Greatest hits album by Sandie Shaw
- Released: 1966
- Genre: Pop
- Label: Pye

Sandie Shaw chronology
| Me (1965) | The Golden Hits of Sandie Shaw (1966) | Puppet on a String (1967) |

= The Golden Hits of Sandie Shaw =

The Golden Hits of Sandie Shaw is a compilation album by the British singer Sandie Shaw. Released in April 1966 by Pye Records on their budget Golden Guinea label, it contains all of the "A" sides and "B" sides of all her UK chart singles from 1964 to the end of 1965, which was technically all of her singles apart from her first which had failed to make an impression on the chart. The Golden Hits compilation did not enter the UK Albums Chart. This album has never been released on CD.

Professional ratings
Review scores
| Source | Rating |
| Record Mirror |  |

==Track listing and song information==
1. "(There's) Always Something There to Remind Me"
2. "Long Live Love"
3. "Don't You Know"
4. "I've Heard About Him"
5. "I'd Be Far Better Off Without You"
6. "I'll Stop at Nothing"
7. "How Can You Tell"
8. "You Can't Blame Him"
9. "Don't You Count On It"
10. "Message Understood"
11. "If Ever You Need Me"
12. "Girl Don't Come"

Of the twelve songs featured on The Golden Hits of Sandie Shaw, eleven are written by Chris Andrews who was hired as Shaw's songwriter on her signing to Pye Records in 1964. The only song not written by him is the opener of side one - Shaw's breakthrough single "(There's) Always Something There to Remind Me," which is by American songwriting duo Burt Bacharach and Hal David. The song had originally been a minor hit in the US for Lou Johnson and was discovered by Shaw's manager, Eve Taylor, on a song-hunting trip to America. Shaw's version of the song was her breakthrough single, staying at number one on the UK Singles Chart for three weeks in the autumn of 1964.
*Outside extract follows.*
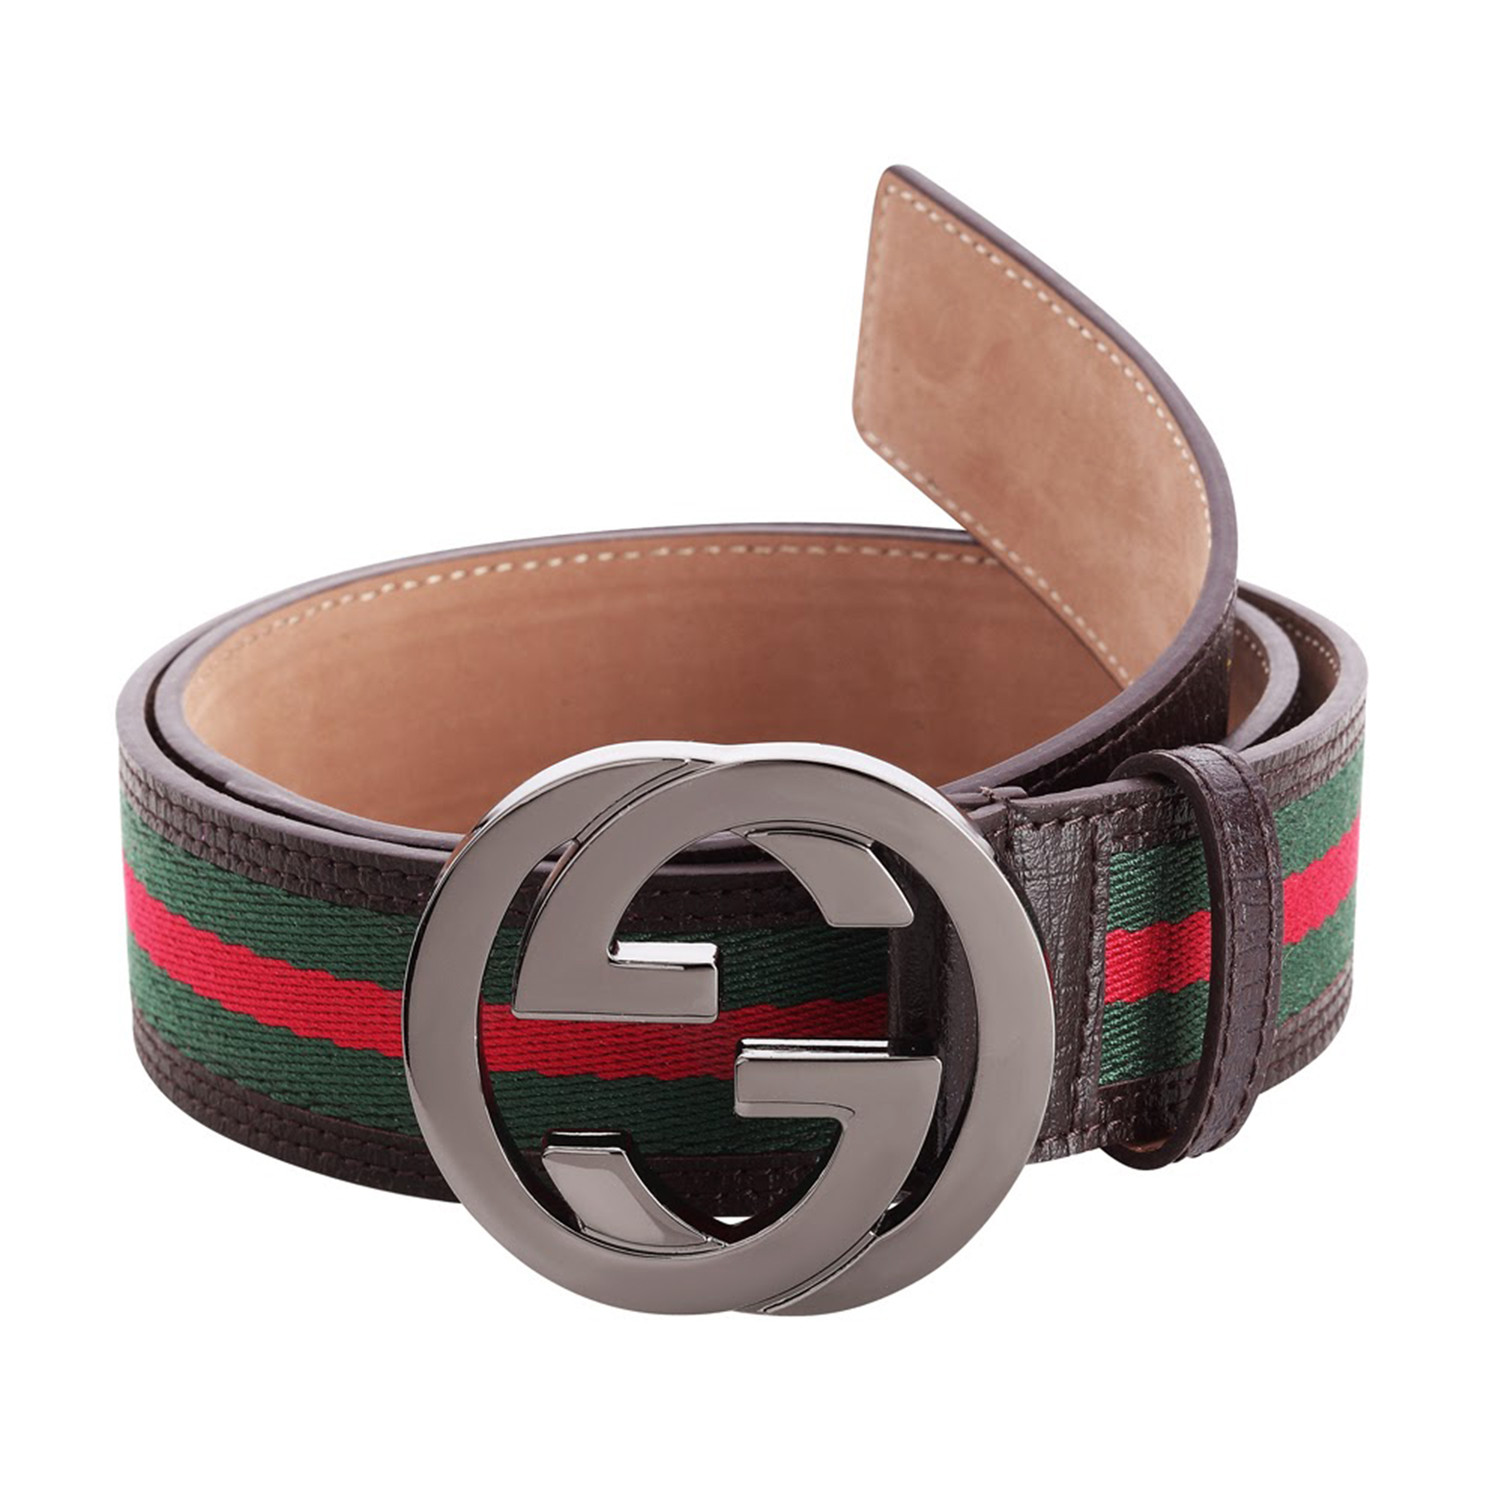 gucci belt with stripes, OFF 79%,www

Shaw's other number one single by this point, "Long Live Love", is the second track on The Golden Hits and is followed by the "B" sides to "Always Something There To Remind Me" and "Long Live Love" - a ballad entitled "Don't You Know" and the slightly more upbeat "I've Heard About Him." Next comes the ballad "I'd Be Far Better Off Without You," originally the "A" side follow-up to "Always Something There To Remind Me" but switched to the "B" side shortly after the record's release in favour of the original "B" side "Girl Don't Come." Side one of The Golden Hits ends with Shaw's third Top 5 hit "I'll Stop at Nothing".
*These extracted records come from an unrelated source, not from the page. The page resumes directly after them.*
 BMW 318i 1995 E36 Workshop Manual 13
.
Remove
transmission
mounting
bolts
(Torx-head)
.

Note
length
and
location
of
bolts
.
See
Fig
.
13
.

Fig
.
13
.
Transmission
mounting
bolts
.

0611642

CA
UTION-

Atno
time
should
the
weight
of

Side two begins with the upbeat "How Can You Tell" - her first single since her breakthrough not to make the Top 10 (it peaked at number 21). Next comes "You Can't Blame Him" - the "B" side to "I'll Stop at Nothing" and then "Don't You Count On It," the "B" side to "Message Understood," Shaw's fifth Top 10 which is the next song on The Golden Hits. The final ballad on the album is "If Ever You Need Me," which was the "B" side to "How Can You Tell" and the album ends with "Girl Don't Come," her second Top 3 hit.